EXERCISE DESCRIPTION: Give again, word for word, every line below from the one that has "Infographie sur les clauses dans le bail pro" through the one that has "Motorrijschool Motorrijbewijspoint s-Gravenzande", both included, and no others.

THE DATA:

════════

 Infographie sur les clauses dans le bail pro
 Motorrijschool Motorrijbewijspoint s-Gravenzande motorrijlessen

════════

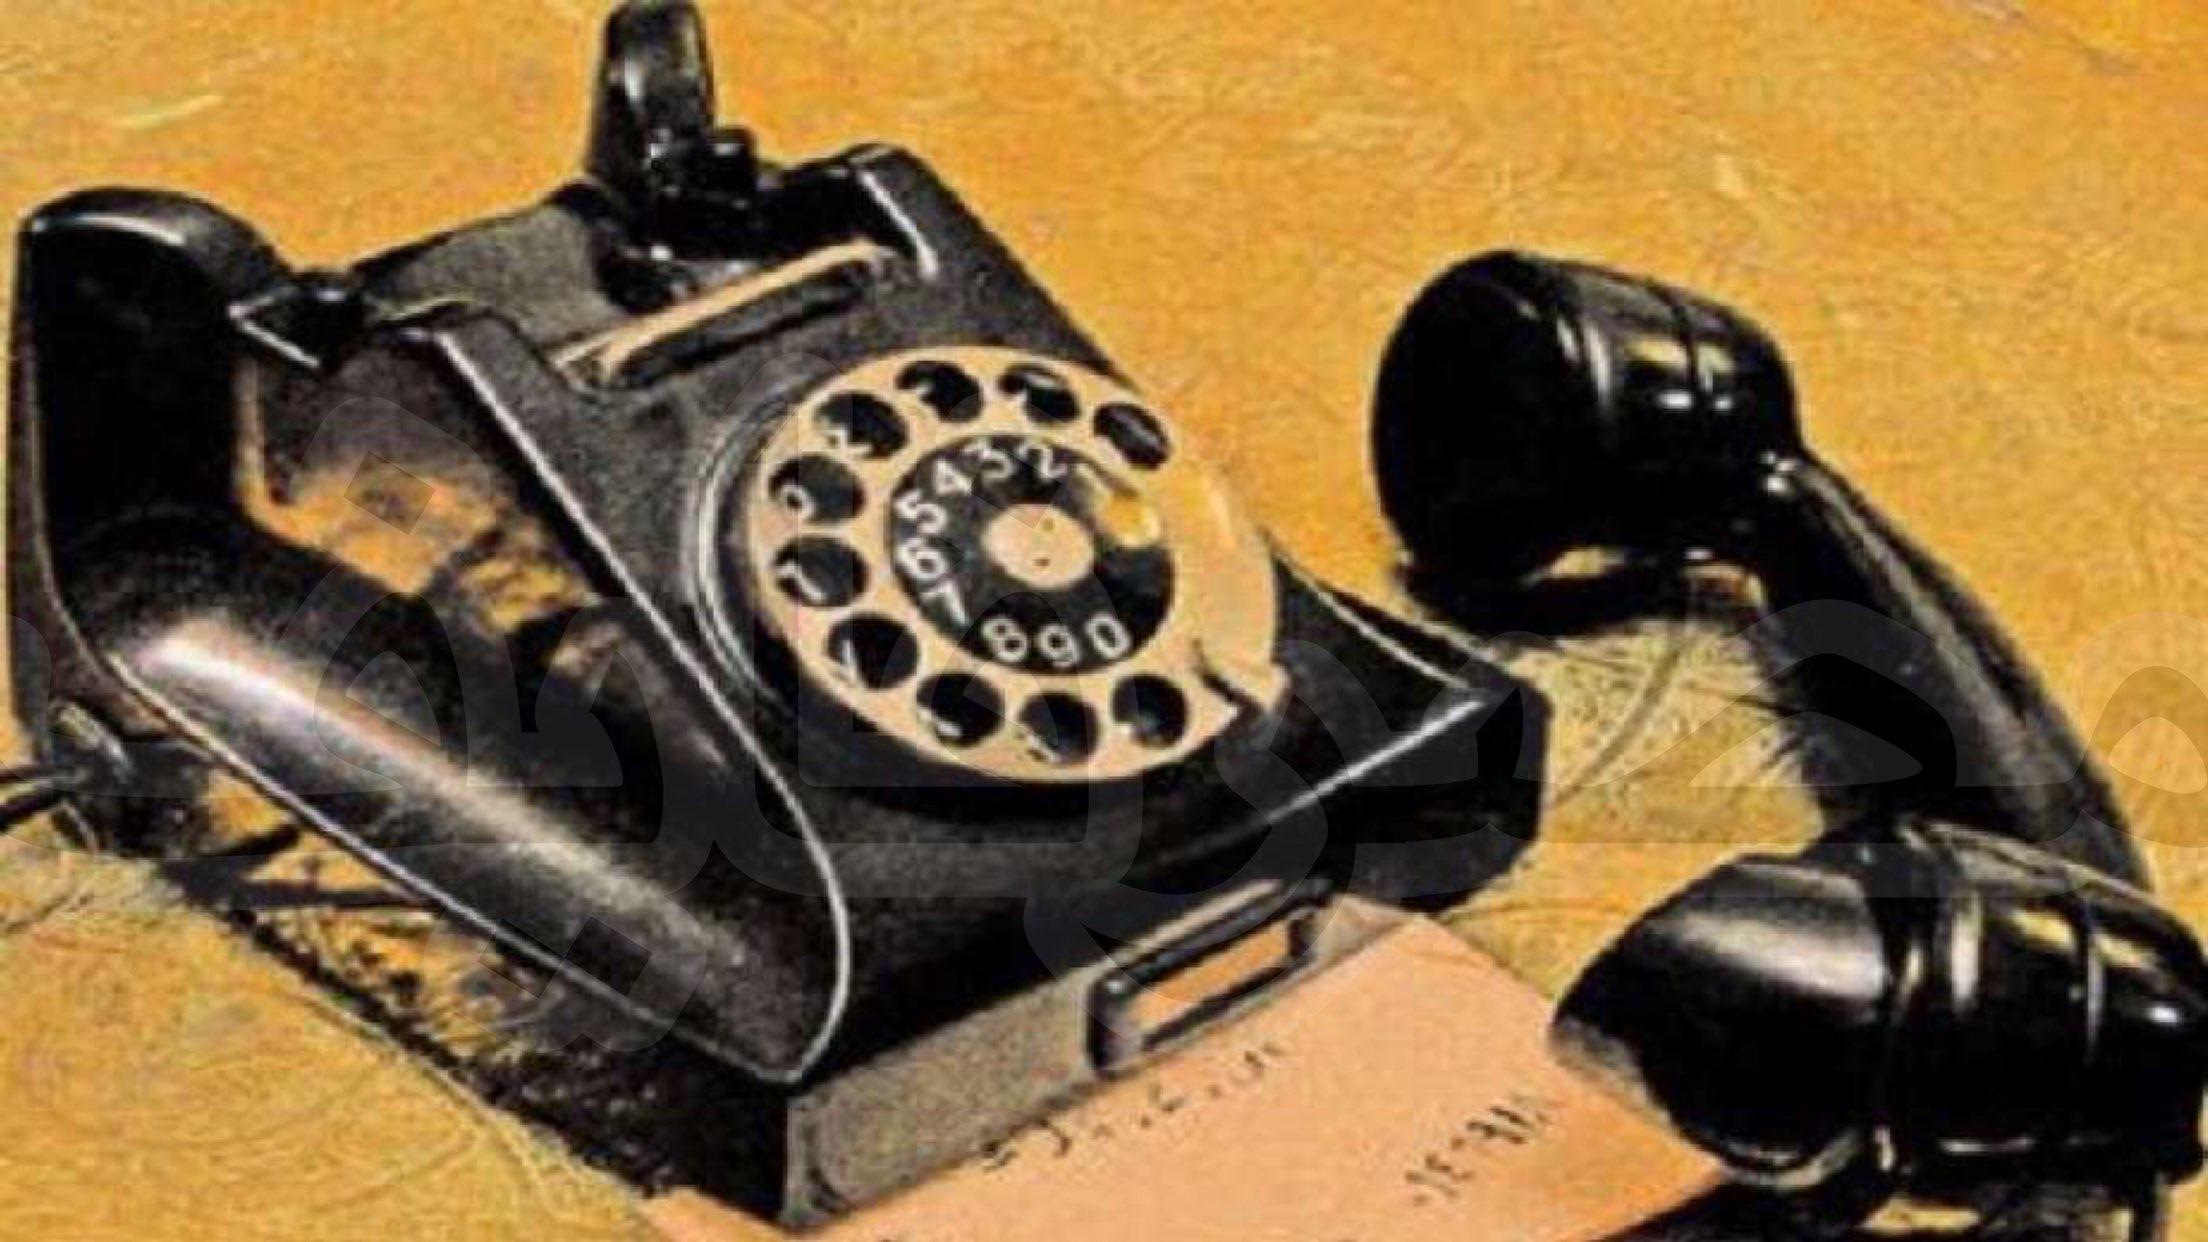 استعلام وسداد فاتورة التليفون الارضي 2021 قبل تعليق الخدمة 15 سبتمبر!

════════

COMPLETED EXERCISE:
 Infographie sur les clauses dans le bail pro
 Motorrijschool Motorrijbewijspoint s-Gravenzande motorrijlessen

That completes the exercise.